WORK INSTRUCTIONS:
Would you reproduce exactly the lines below from the one holding "comida la cena" through the one holding "Skechers Little Girls'", inclusive, and no others?

INPUT:
=-=-=-=-=

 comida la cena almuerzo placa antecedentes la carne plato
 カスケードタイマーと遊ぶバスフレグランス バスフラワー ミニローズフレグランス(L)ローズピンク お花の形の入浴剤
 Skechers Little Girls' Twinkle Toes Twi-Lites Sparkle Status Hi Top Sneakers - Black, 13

=-=-=-=-=

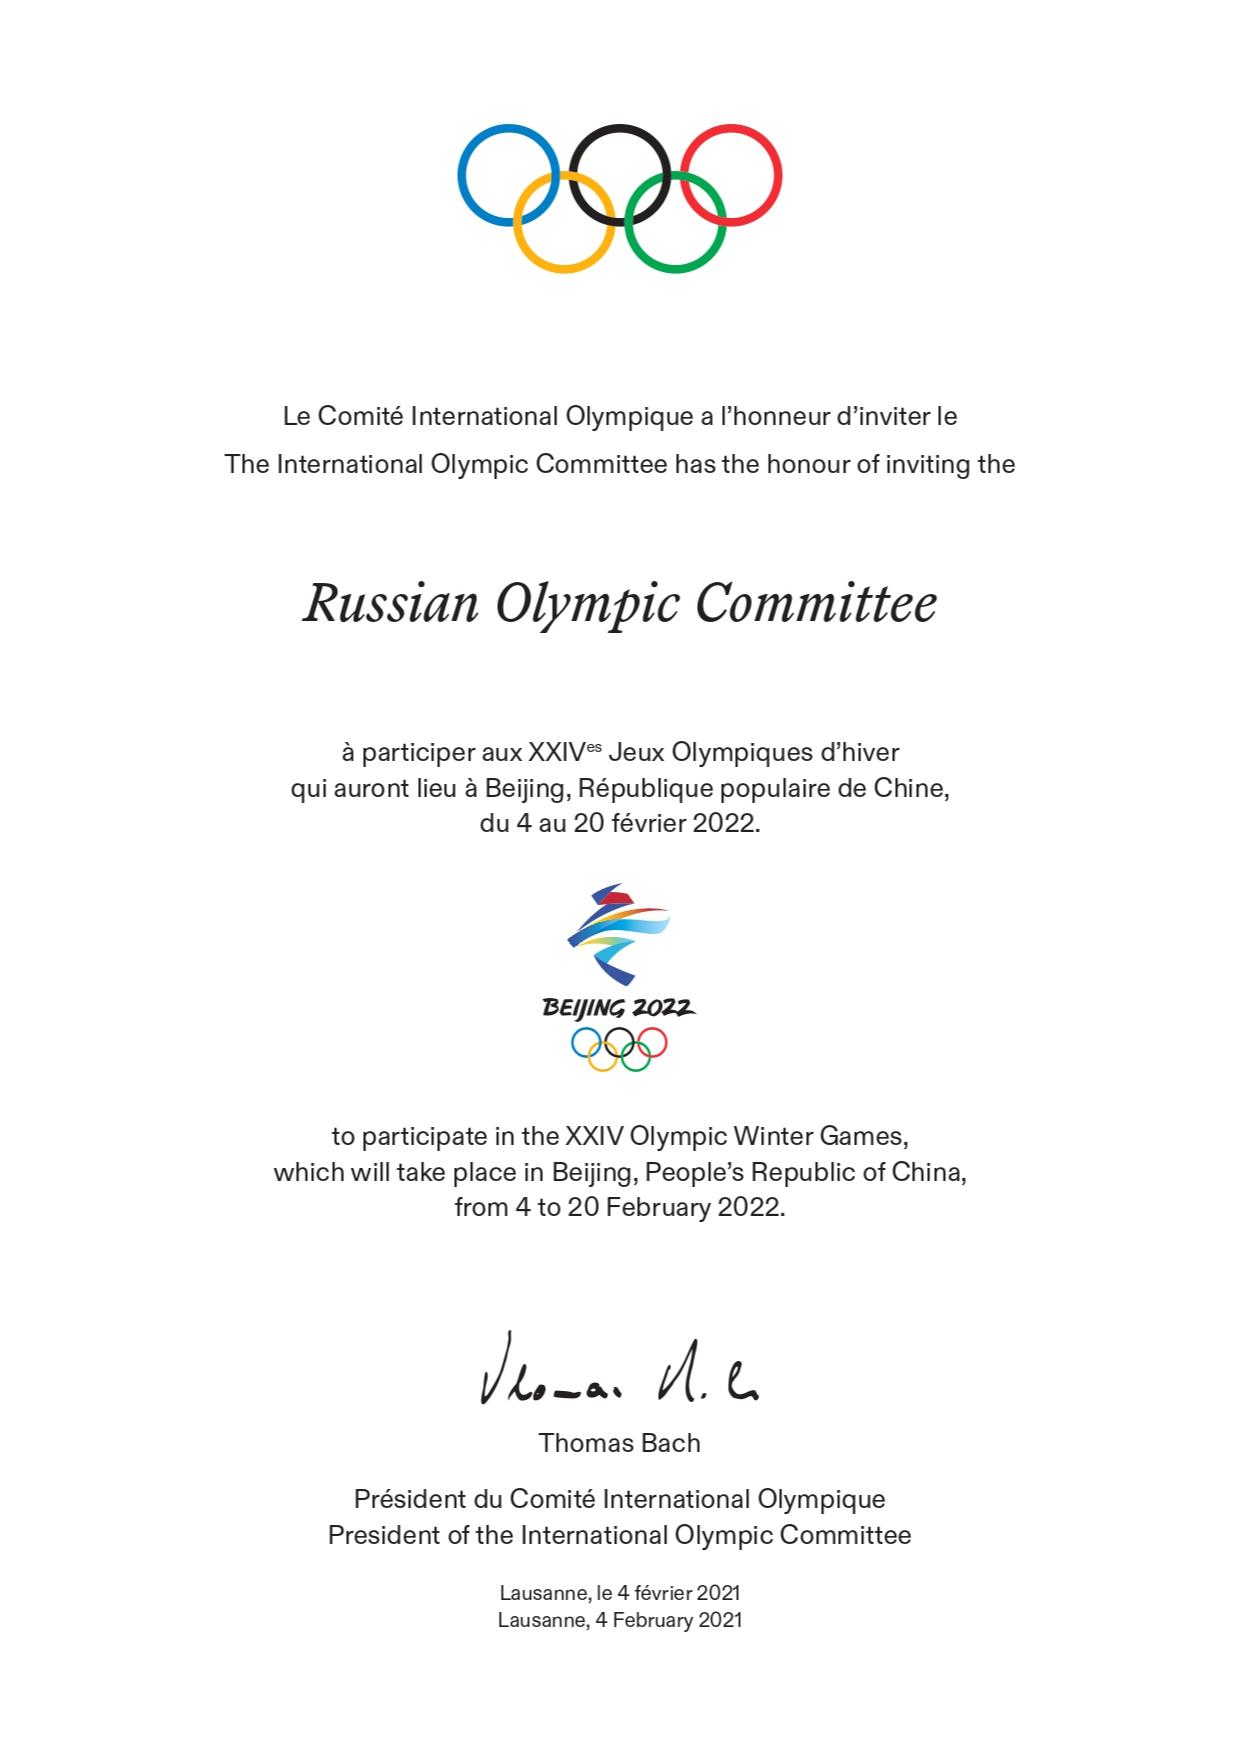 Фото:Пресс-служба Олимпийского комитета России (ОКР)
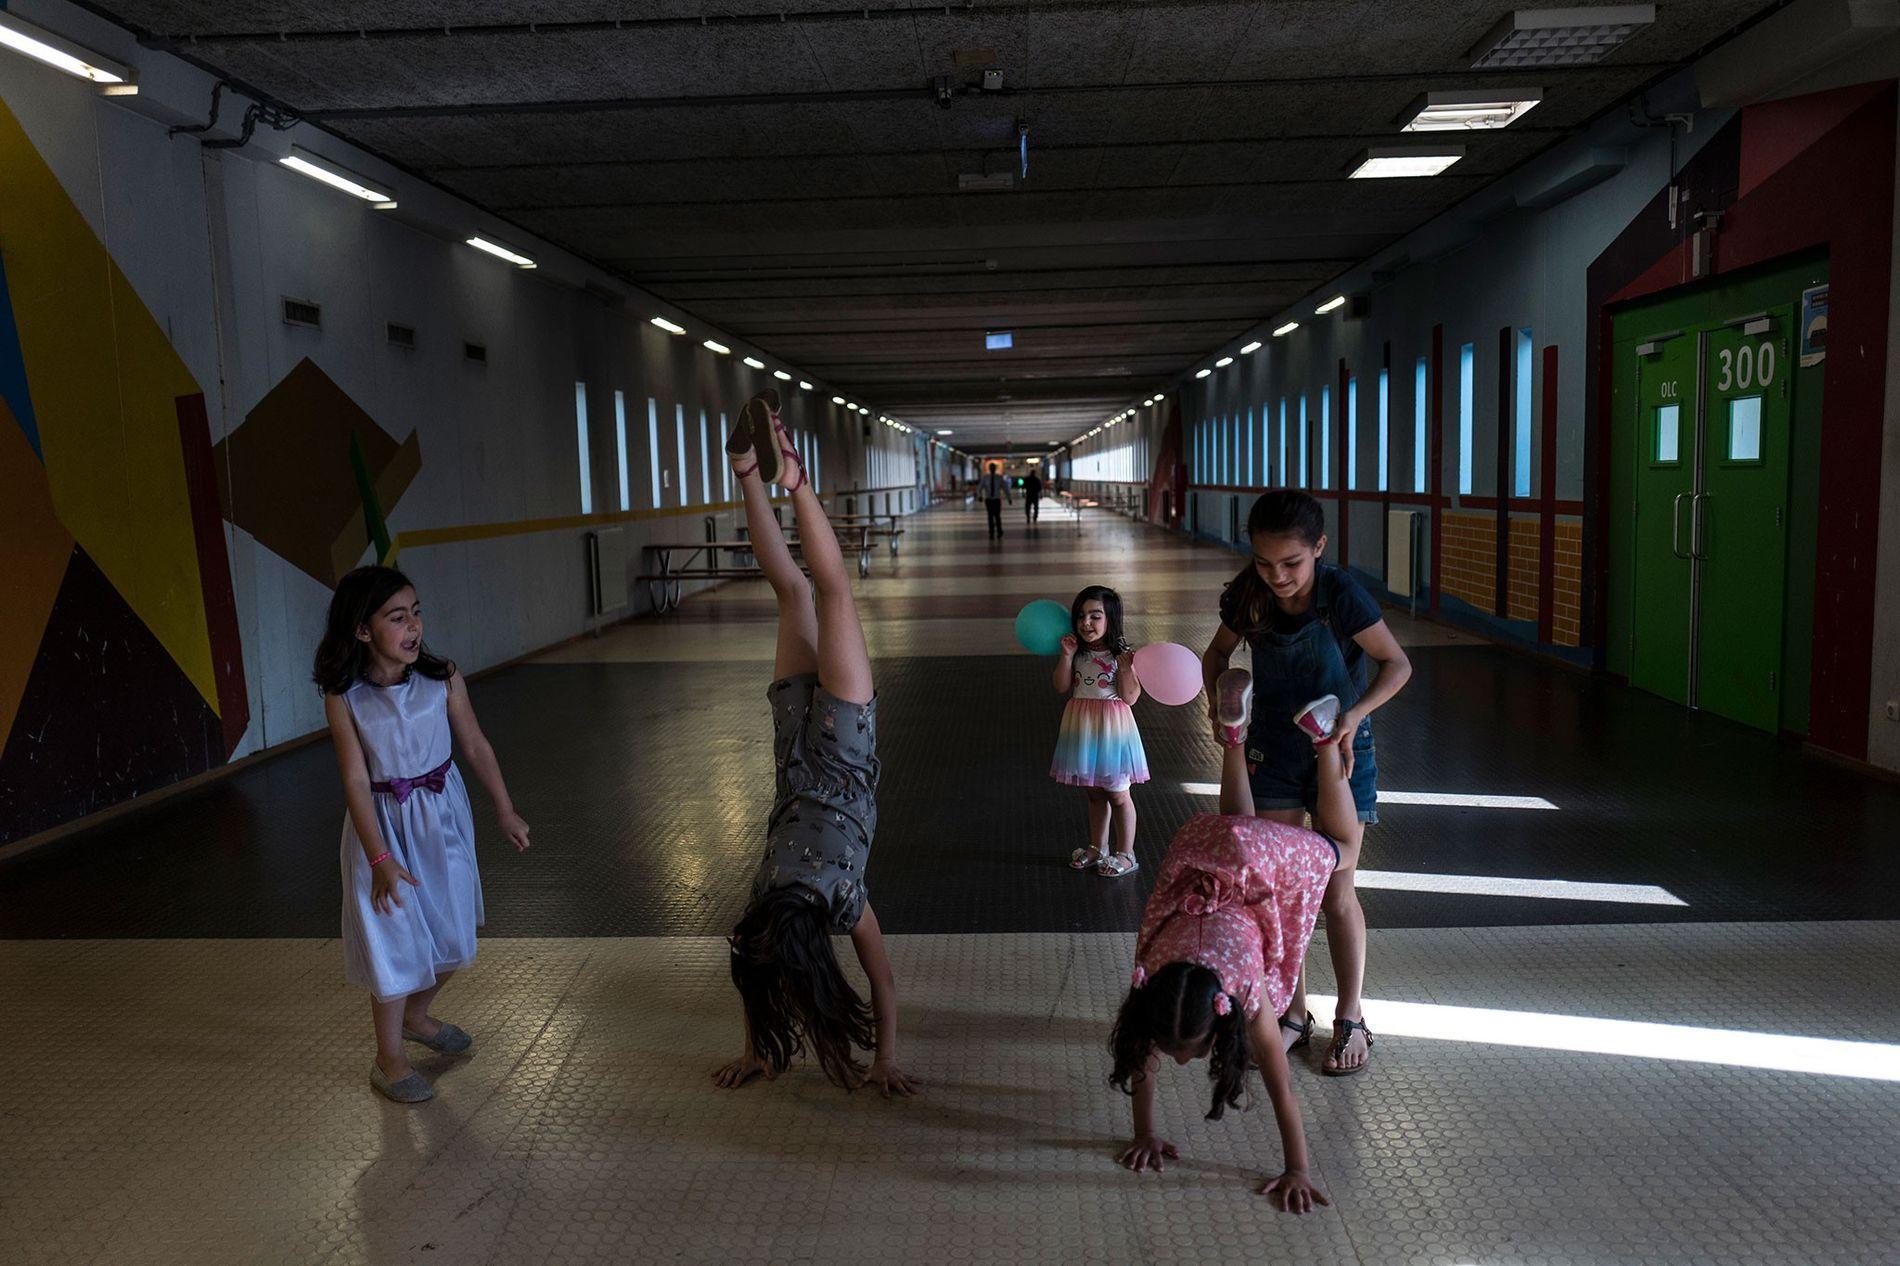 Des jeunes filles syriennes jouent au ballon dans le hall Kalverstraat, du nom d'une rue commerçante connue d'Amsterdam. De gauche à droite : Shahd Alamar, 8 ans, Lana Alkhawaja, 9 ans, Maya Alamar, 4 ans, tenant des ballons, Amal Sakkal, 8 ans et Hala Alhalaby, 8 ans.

=-=-=-=-=

TASK RESPONSE:
 comida la cena almuerzo placa antecedentes la carne plato
 カスケードタイマーと遊ぶバスフレグランス バスフラワー ミニローズフレグランス(L)ローズピンク お花の形の入浴剤
 Skechers Little Girls' Twinkle Toes Twi-Lites Sparkle Status Hi Top Sneakers - Black, 13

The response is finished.